• hastalığın nedeni tam olarak bilinmemekle birlikte immün mekanizmalara bağlı olduğu düşünülmektedir.hemen tüm olgularda ateş,purpura,hemolitik anemi,nörolojik bulgular,renal bulgular ile karakterize pentad gözlenir.olguların çoğunda hızlı bir başlangıç fulminant bir seyir vardır.genellikle de intraserebral kanama veya böbrek yetmezliğine bağlı ölümle sonuçlanır.
    güncel tedavi yaklaşımı donmuş plazma ile plazmaferezis,eğer buna cevap tam değilse takiben splenektomi yapılır.yüksek doz steroid ve dekstran da adjuvan olarak verilir.
  • tanımlarından bi bok anlamadığım biyolojik hede.
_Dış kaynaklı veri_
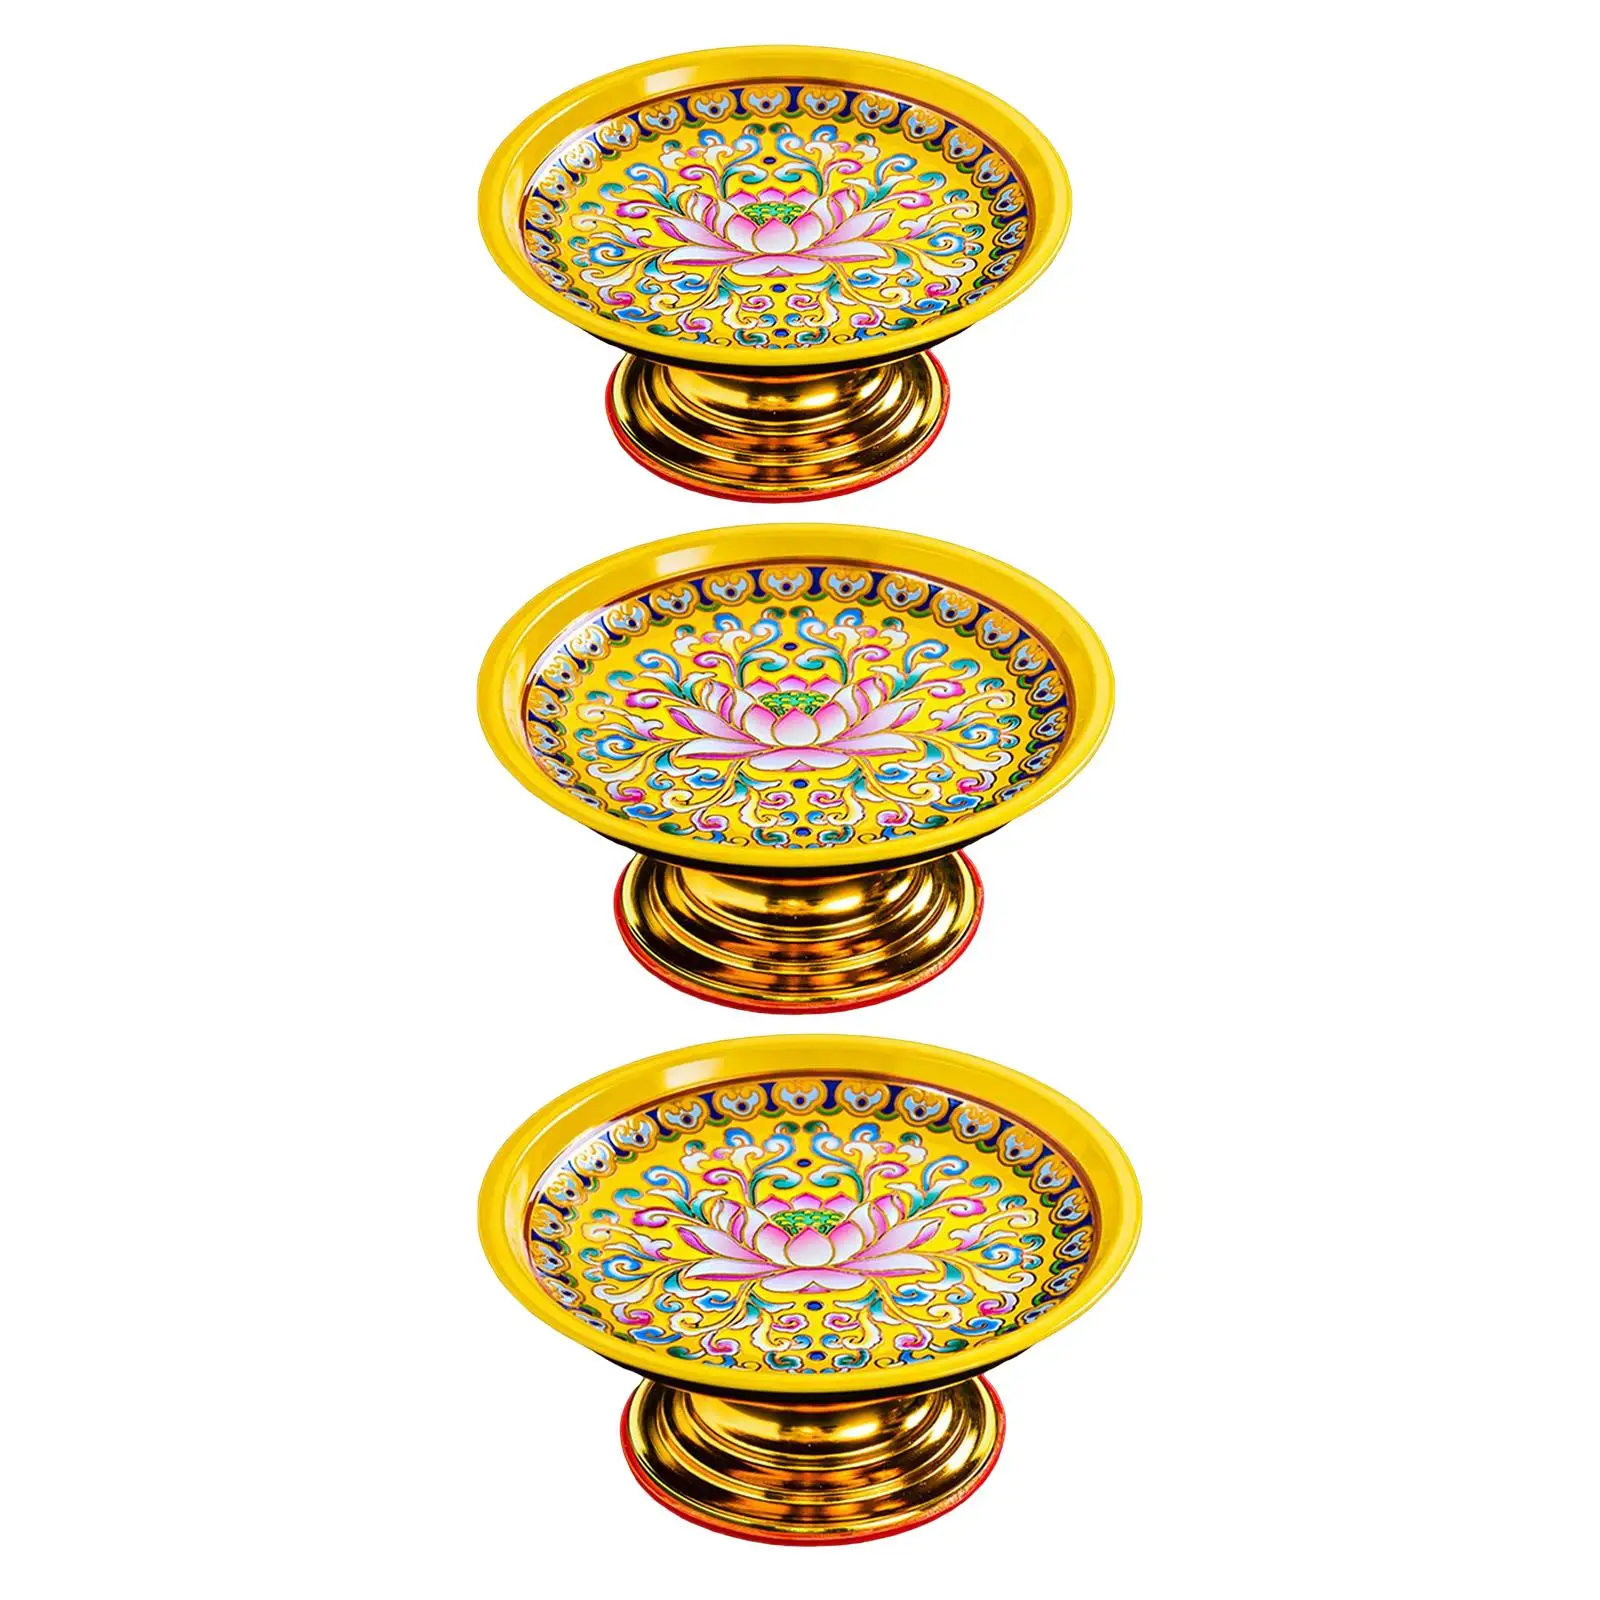 Temple Serving Tray Desktop Organizer Easy to Fill Counter Storage Tray Alloy Shinny Look Buddhist Plate Offering Bowl

  • adamts13 enziminin bozukluğu sonucu oluşur, klasik pentadı şudur:
    böbrek yetmezliği, mikroanjiopatik hemolitik anemi, tromositopeni, nörolojik semptomlar, yüksek ateş
  • durduk yere başına iş çıkaran, dış düşman bulamadı mı kendini düşman belleyip saldıran rahatsız bünye hastalıklarından biri. ortada fol yok yumurta yokken "kanıma dokundu(m)" deyip kendine küsen, self-alıngan ve kindar bünye saldırısı. "idiopatik" sıfatının türkçe meali "bünye yapıyor"dur. trombositleri (platelet de denir) yer bitirir, hemoglobinin kan alemindeki itibarını sıfırlar. yetersiz değil, aşırı çalışan otoimmün sistemi arızasıdır; buji meme yapmış, devreler birbirine girmiştir yani. sistem öyle bir çalışır ki, kendisini hepatit-b'ye karşı filan aşılıyıverir arada mesela. kış geliyor diye turşu kurmadır, reçel yapmadır, tarhana hazırlamadır, evi temizlemedir, kilere dalmadır, vesairedir... bunların suyunu çıkarmaya benzer işleyiş mantığı. işi allah'a filan havale etmek manasızdır; kişinin kendisini kendinden koruması gerekir evvela. zamanında davranılmazsa iç kanamadan dünyaya veda etme yahut sinir sisteminde ve böbreklerde başta olmak üzere kalıcı hasar alma riski vardır. bilinen en iyi tedavi şekli plazma değişimidir. türkiye'deki piri cerrahpaşa doktorlarından prof. dr. burhan ferhanoğlu'dur. gelmez ola, gelirse geçmiş ola... derhal!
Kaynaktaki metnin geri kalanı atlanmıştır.